Diagnostic Reading #32: Five “Must Read” Articles on HIT and Radiology
In the news: bringing other ologies into enterprise imaging; radiology salaries are dropping.
This week’s articles in Diagnostic Reading include: AI spending in medical imaging is projected to rise; leading healthcare provider shares strategies for enterprise imaging; demand is up but salaries are down in radiology; how variation of imaging protocols can be reduced; and what radiologists should know about male breast disease.
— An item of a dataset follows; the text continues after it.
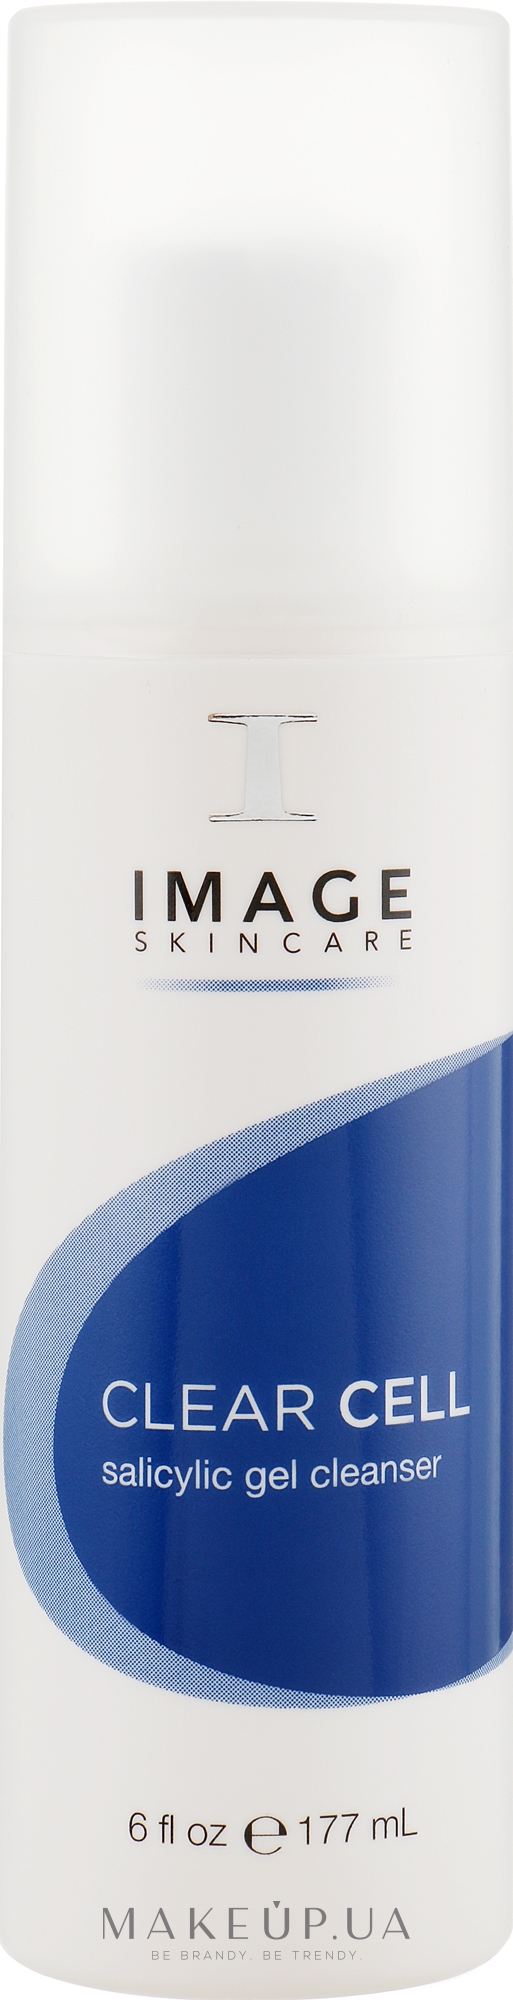 Очищающий салициловый гель для проблемной кожи - Image Skincare Clear Cell Salicylic Gel Cleanser — фото 177ml

Radiology spending on AI expected to surpass $2B by 2023 – Health Imaging
Spending on artificial intelligence (AI) in medical imaging is expected to continually trend upward, with a new report forecasting world expenditures to total more than $2 billion by 2023. The recent report by Signify Research, an independent global healthcare technology consultancy, placed 2018 revenue forecasts for deep learning alone at around $200 million. That number is expected to climb up around $1.5 billion by 2023. Learn how AI can increase the value of your enterprise imaging platform.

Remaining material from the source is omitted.